Or, note that the sampling distribution for the MLE of sigma^2 for a normal distribution is chi-squared.
The log transform is just a way to get a sampling distribution that's closer to the assumption on which the construction of the CI is based.
Peter Perkins
Peter Perkins on 4 Oct 2011
To clarify, when I said, "by generating lots (1000, say) of gamma dist'd data from the same distribution", I meant generate (say) M=1000 vectors of data from (say) gamrnd, each of length (say) n=25. Then use gamfit to get 100 pairs of MLEs. Then try it with n=100 and n=1000.
Ehud Schreiber
Ehud Schreiber on 5 Oct 2011
Reading Mr. Perkins' new comments I think now I understand the reasoning. Perhaps it can also be explained in the following fashion, highlighting a problem with the naive application of the confidence interval estimation (i.e. Fisher information matrix approach applied directly to the parameters).
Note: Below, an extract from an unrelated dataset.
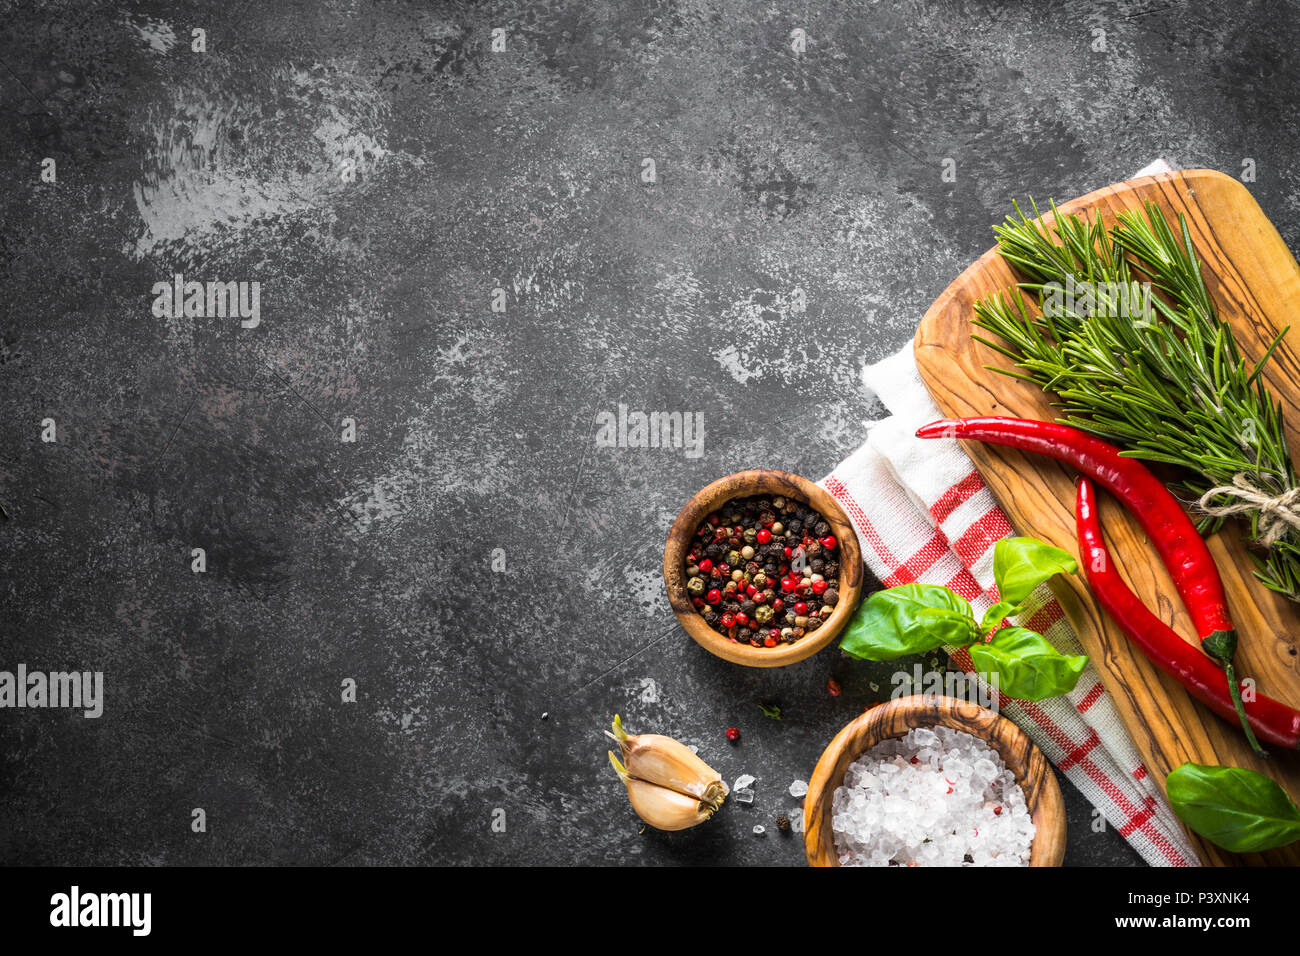 Épices, herbes et des ustensiles de cuisine sur la table en pierre noire. Arrière-plan de l'alimentation. Vue de dessus, copiez l'espace. Banque D'Images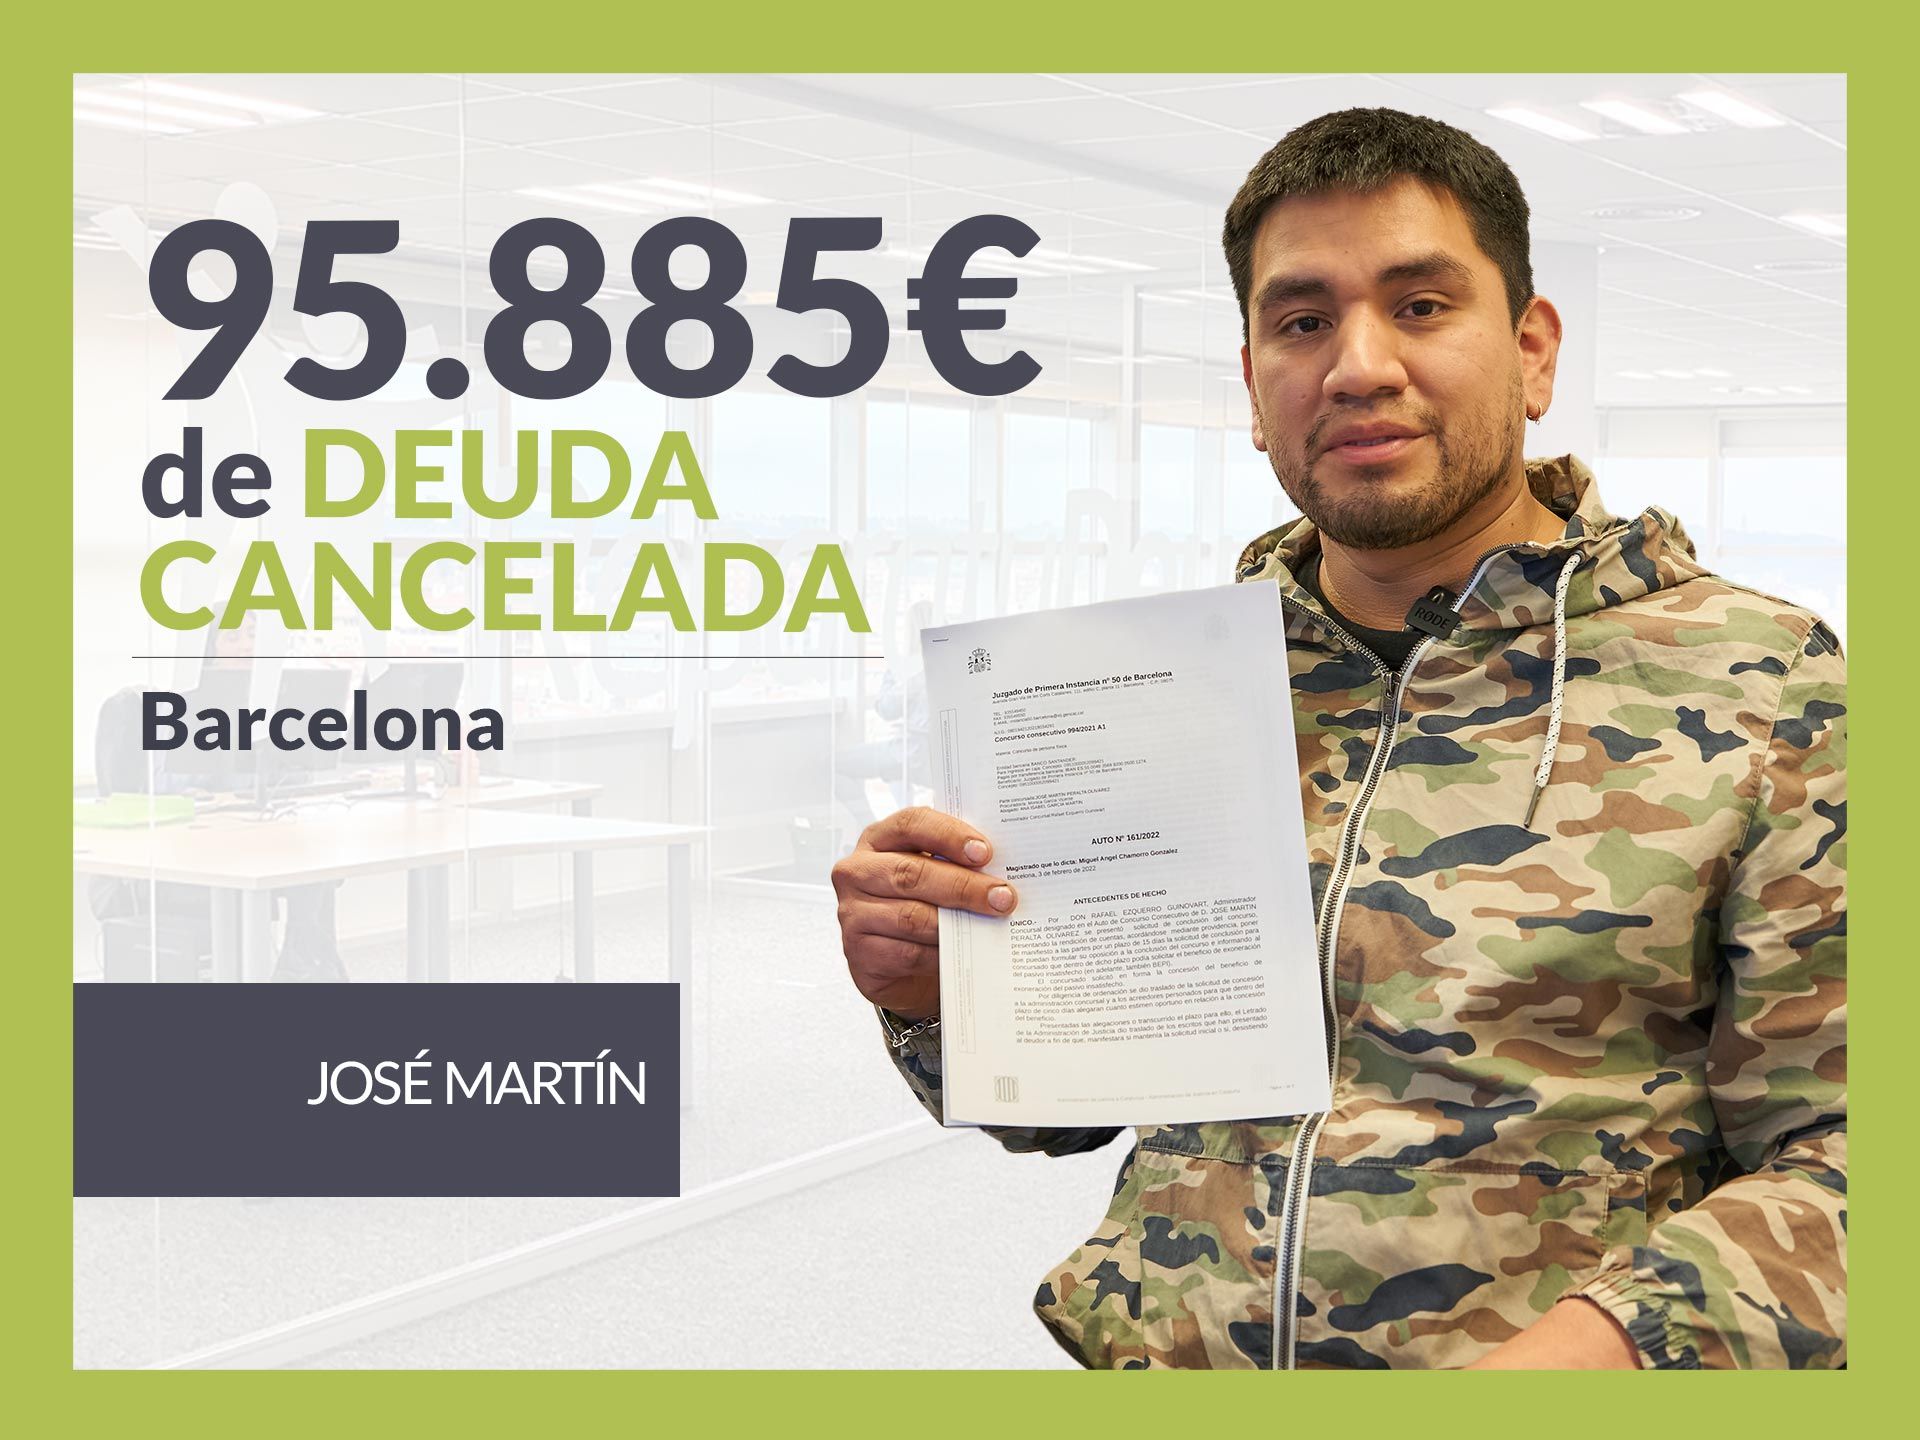 Repara tu Deuda Abogados cancela 95.885? en Barcelona (Catalunya) con la Ley de Segunda Oportunidad

The scale and shape parameters must both be positive, in the range (0, infinity). When the sample size is small, then the distribution of the estimators is wide; a normal approximation of this distribution is thus inappropriate as it may significantly penetrate the negative values. Taking the log transform of the parameters maps their allowed region to the whole real line, solving the above problem, and is therefore advantageous.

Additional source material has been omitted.